Experience marketing is growing with one in three CMOs committing to allocate 30 to 50% of their budget to it in the next 12 months (according to a 2018 Warc study) and brands looking for increasingly innovative ways to connect with experience-seeking consumers through real-world interactions.
Meanwhile, the quarterly IPA Bellwether report published last month showed overall marketing budget growth hit its slowest rate in three years, putting even more pressure on brands to demonstrate the value of all of their marketing activity.
But how can you make sure that you are creating the optimum experience for your brand? With the help of leading behavioural scientist, Stephen Donajgrodzki, Collider developed a behavioural framework that can help.
Adapted from Holbrook’s framework of self, the first step is to identify which consumer ‘need state’ your brand most gravitates towards.
Social proof is where we see extrinsic ‘visible’ choices – the car you drive, the clothes you wear, the bag you carry or the phone you own – acting as a reflection or reinforcement of your personal identity.
Self-confidence is where we find brands that help give inner confidence: treats or guilty pleasures that make us feel good about ourselves. It’s about ‘intrinsic’ value, reinforcing our internal self-image and self-worth.
Social currency is where we use brands – and brand experiences – to inform, entertain, engage, amuse or even show solidarity with others.
Once you’ve determined which of the three ‘need states’ your brand gravitates more strongly towards, you’ll have a clearer indication of the type of experience that will best suit it.
This becomes interesting when you plot it against the reach and engagement chart.

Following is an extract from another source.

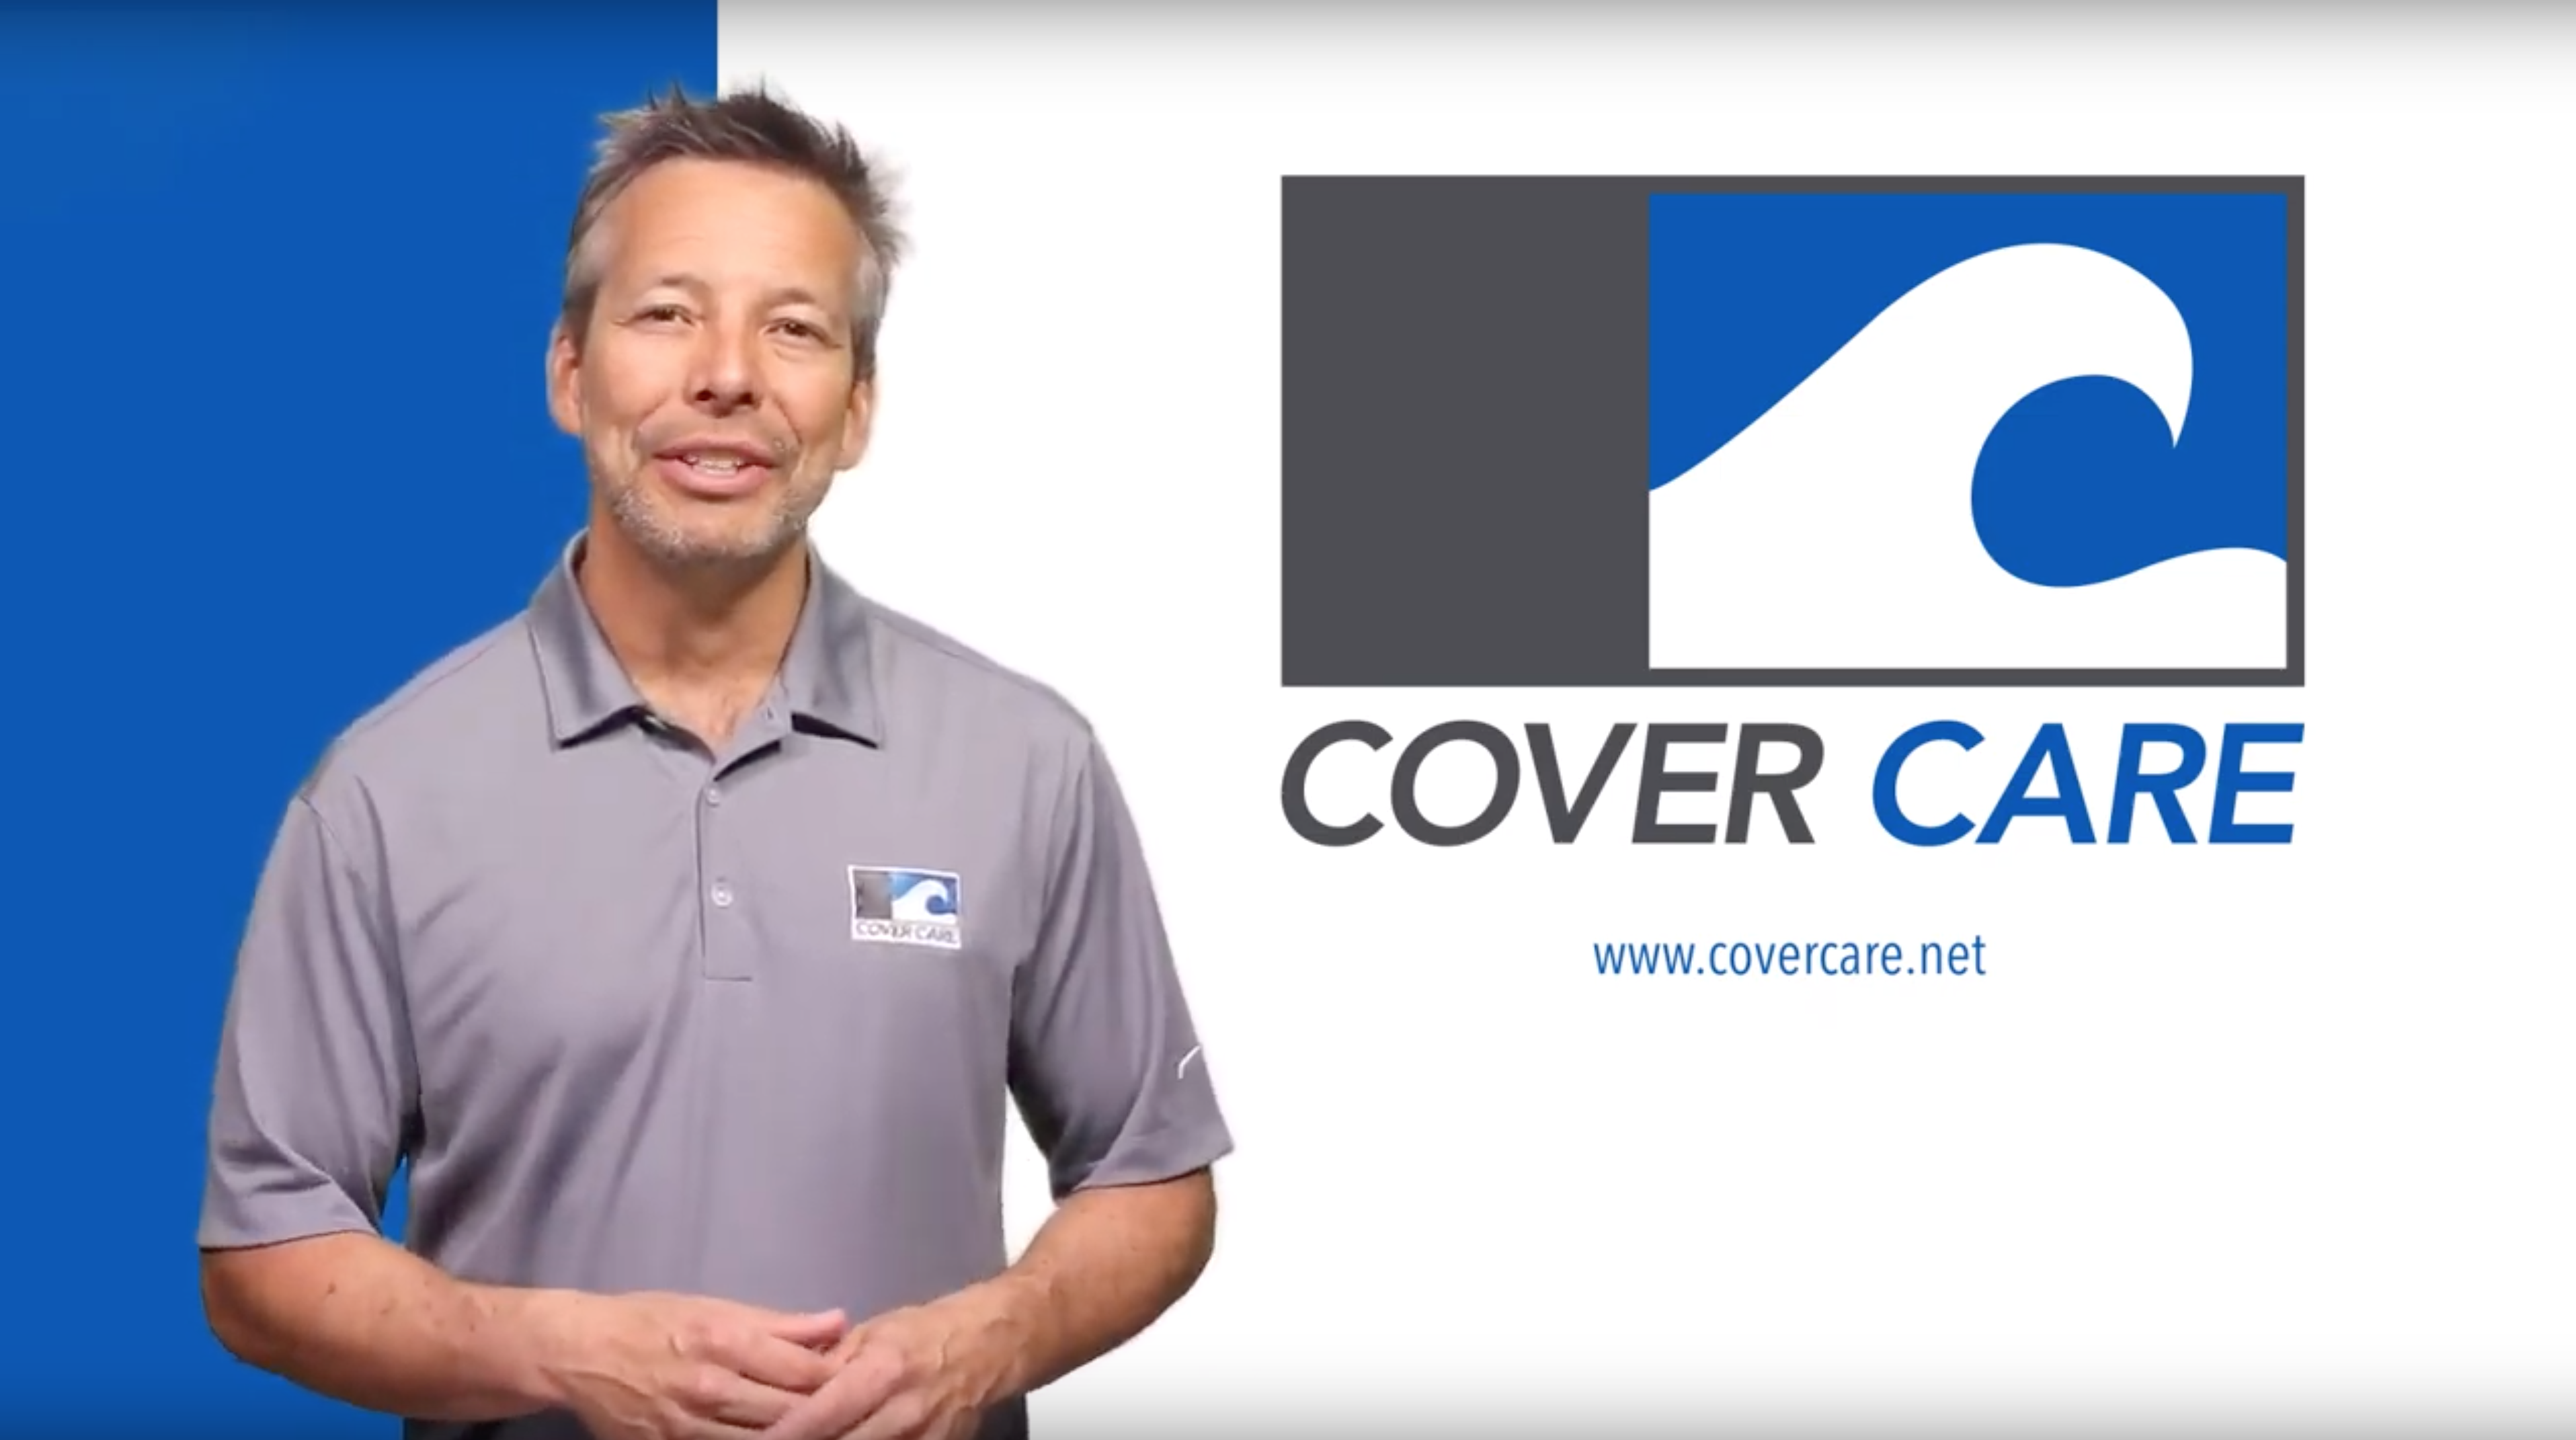 Cover Care representative

Benefit Cosmetics, for example, falls firmly within ‘self-confidence’. Here trial and reinforcement are key, and more personalised and involved experiences bring greater value. The experience created for The Good Ship Benefit on the R.S. Hispaniola on Victoria Embankment was an excellent example of this. It ran for five-months, with a series of highly immersive and engaging experiences – from the more expected complimentary make-up tutorials and pampering to curated film sessions and surreal tea ceremonies with infusions served inside a magician’s hat!

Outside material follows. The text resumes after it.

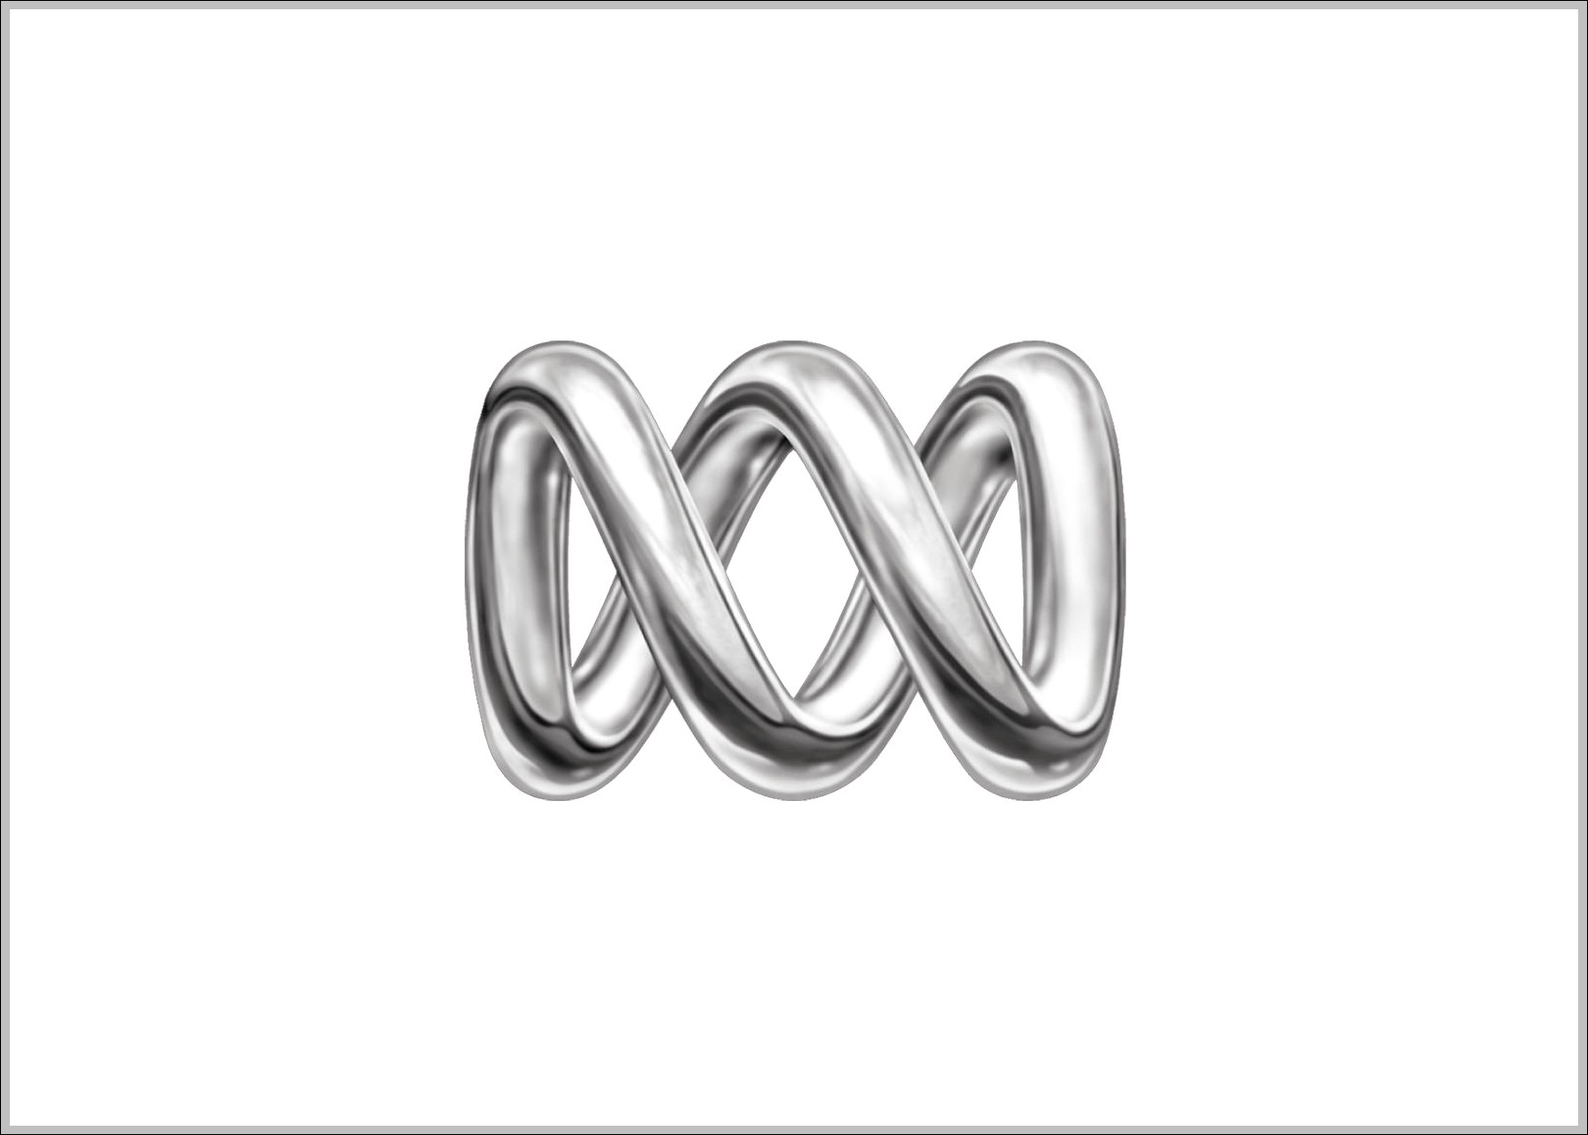 ABC Australia logo

In contrast, an FMCG brand such as Hello Fresh may gravitate more towards social currency, where trial, pop-ups and giveaways play an integral part in getting the brand in people’s hands. Hello Fresh’s first physical retail experience as a pop-up shop ran for four weeks in Old Street station and, to further drive ‘social currency’, they donated 10% of proceeds to The Felix Project, a London-based charity dedicated to reducing food waste and poverty. Hand in hand with this, it ran a competition to encourage people to share pictures of themselves by their temporary store in order to win a free Hello Fresh box, as well as running an on-pack promotion for a money-can’t-buy foodie trip to Florence for two people. This was all designed to drive up shareability, and widen the conversation around the brand in order to encourage others to try it.
Finally, luxury sports car manufacturer, Jaguar, is the personification of the ‘social proof’ category and its launch of the XE delivered across the reach and engagement spectrum. This experience included an exclusive performance by Emeli Sandé to a 200-strong VIP crowd and a further 2000 special invitees saw the unveiling at Earls Court whilst the new Jaguar XE had its own ‘James Bond moment’ as it was flown across the Thames by helicopter: a moment that was live-streamed and watched by thousands online.

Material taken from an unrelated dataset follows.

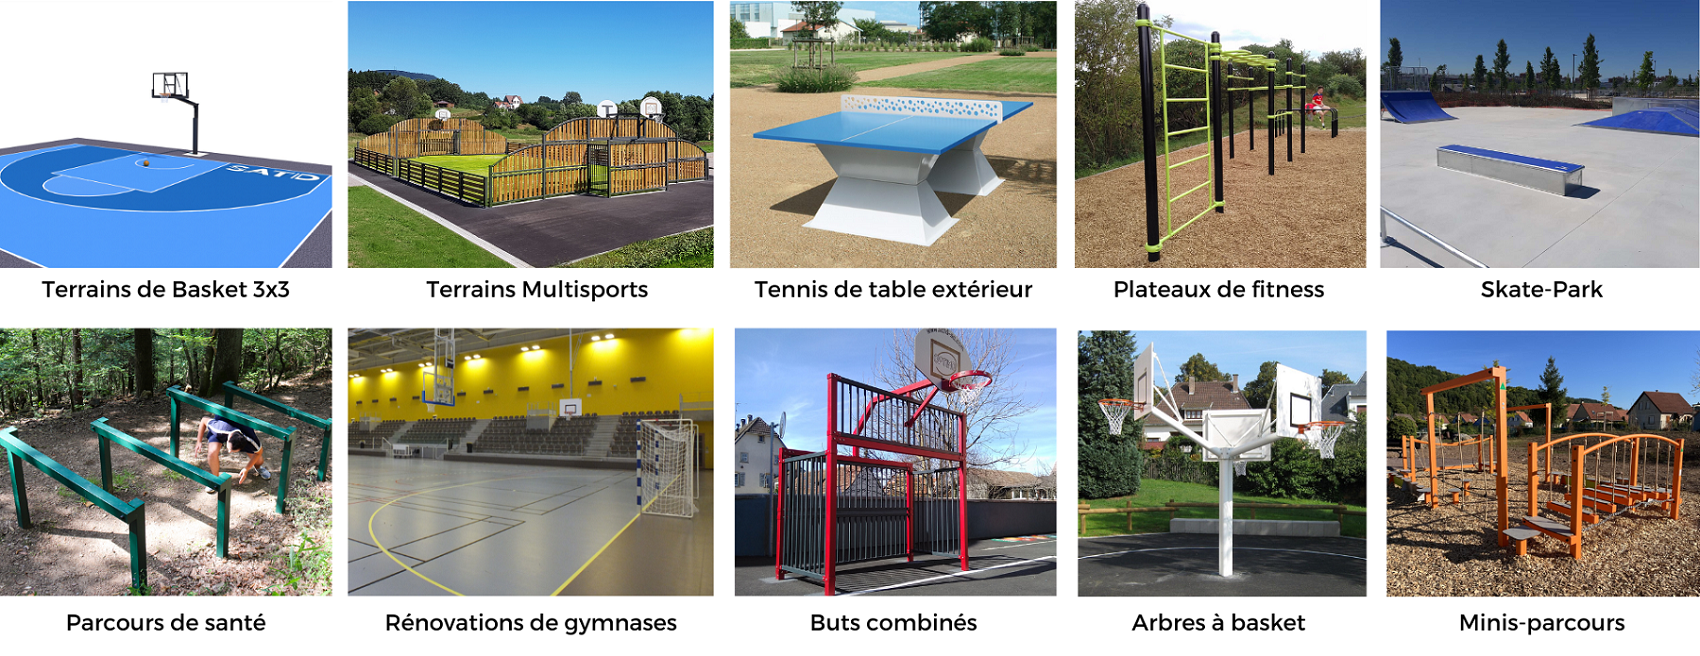 Equipements sportifs extérieurs : terrain de basket 3x3, tennis de table, aire de fitness, skate-park,

Whilst more work needs to be done to establish a common measurement framework, it is heartening to see that that the IPM (Institute of Promotional Marketing) has been working towards this and aims to benchmark ROI by sector and discipline. According to the Institute, initial results demonstrate that ROI from experiential compares “extremely favourably” with those from other media.
It’s great that this sector is in such rude health, but in order to sustain, grow and reaffirm its status as one of the most influential marketing techniques, both now and in the future, the industry needs to continue to step up its approach to accountability and results.